Wat kunnen ouders hun gehandicapte kind vertellen over leven met een handicap, als ze daar zelf geen idee van hebben? Hoe voeden ze hun gehandicapte kind op met het idee dat hij of zij welkom is in deze wereld, terwijl onze samenleving zo gericht is op prestatie en uiterlijkheden? En hoe weten niet-gehandicapte ouders of hun gehandicapte kind wel echt een leuk leven tegemoet kan gaan? Wie kan ouders vertellen welke skills hun gehandicapte kind zal moeten ontwikkelen om een leuk, eigen leven in de samenleving op te bouwen? En hoe kunnen ouders hun kind hierin bijstaan?

“In mijn werk als kindercoach merk ik dat veel ouders het vermijden om te praten over leven met een handicap.”

Dit soort informatie kun je alleen krijgen van iemand die zelf gehandicapt is én een plezierig leven in de samenleving heeft weten op te bouwen. Iemand die zich terdege bewust is dat je met een handicap evenveel recht hebt op een volwaardig bestaan in de samenleving als ieder ander. Kortom, van een goed rolmodel. Die rolmodellen zijn er genoeg! Je moet ze alleen zien te vinden… Omdat ze in de media en het openbare leven nauwelijks zichtbaar zijn, is het vooral een kwestie van stom geluk als er toevallig zo’n rolmodel op je pad komt.

Zelf gezochte verklaringen

In mijn werk als kindercoach merk ik dat veel ouders het vermijden om te praten over leven met een handicap. Vooral omdat ze er zelf niets over weten. Kinderen – gehandicapt of niet – voelen feilloos aan dat hun ouders over een bepaald onderwerp liever niet praten. En concluderen automatisch dat er rondom dat thema iets ernstigs of op z’n minst iets vervelends aan de hand is. Vervolgens gaan ze er zelf over nadenken en verzinnen er dan vanalles over.

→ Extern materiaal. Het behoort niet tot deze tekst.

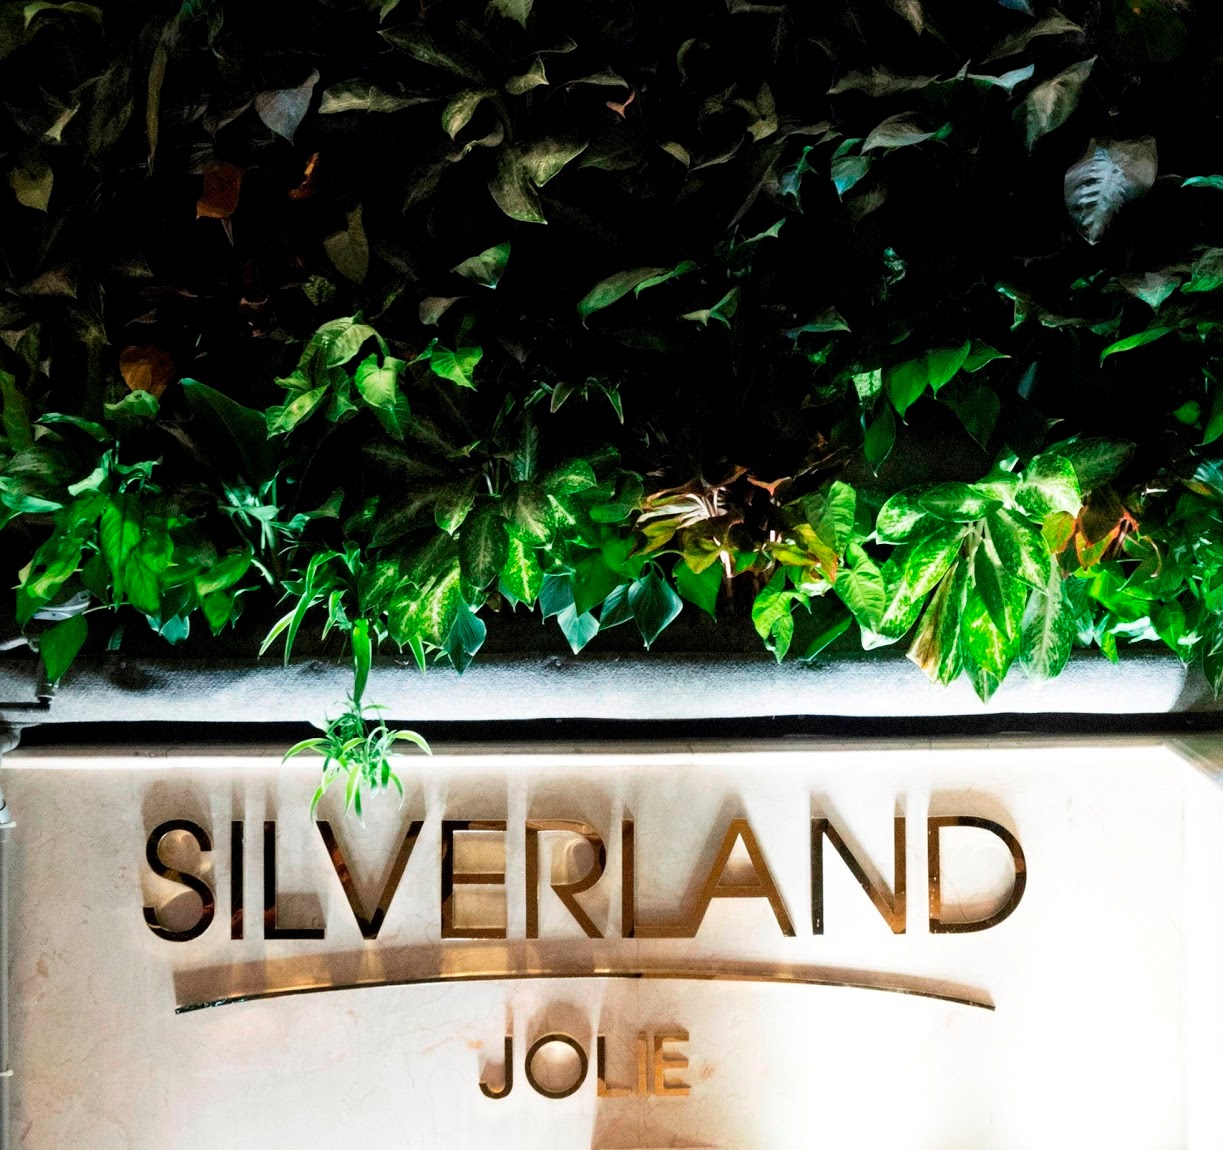 Silverland Jolie Hotel & Spa - Hồ Chí Minh

Zo komt het dat de kinderen van de mytylschool waar ik op werkbezoek was, het vanzelfsprekend vinden dat ze niet naar een reguliere basisscholen kunnen, omdat er ‘op die scholen allemaal trappen zijn’. Als ik de literatuur erop nasla, bevestigt die mijn bange vermoeden dat deze kinderen hun kansen en mogelijkheden structureel te laag blijven inschatten. Zoals zoveel mensen die te maken hebben met vooroordelen, stigmatisering en onderschatting, zullen ze genoegen nemen met een plaats aan de rand van de samenleving. Tenzij ze eigenwijs en volhardend genoeg zijn om een plaats middenin de samenleving op te eisen. Maar dat is een eigenschap die niet iedereen is gegeven…

“Als je nooit een gehandicapte volwassene ziet en je ziet overal wel gehandicapte kinderen, dan moet dat wel betekenen dat je vroeg doodgaat als je gehandicapt bent.”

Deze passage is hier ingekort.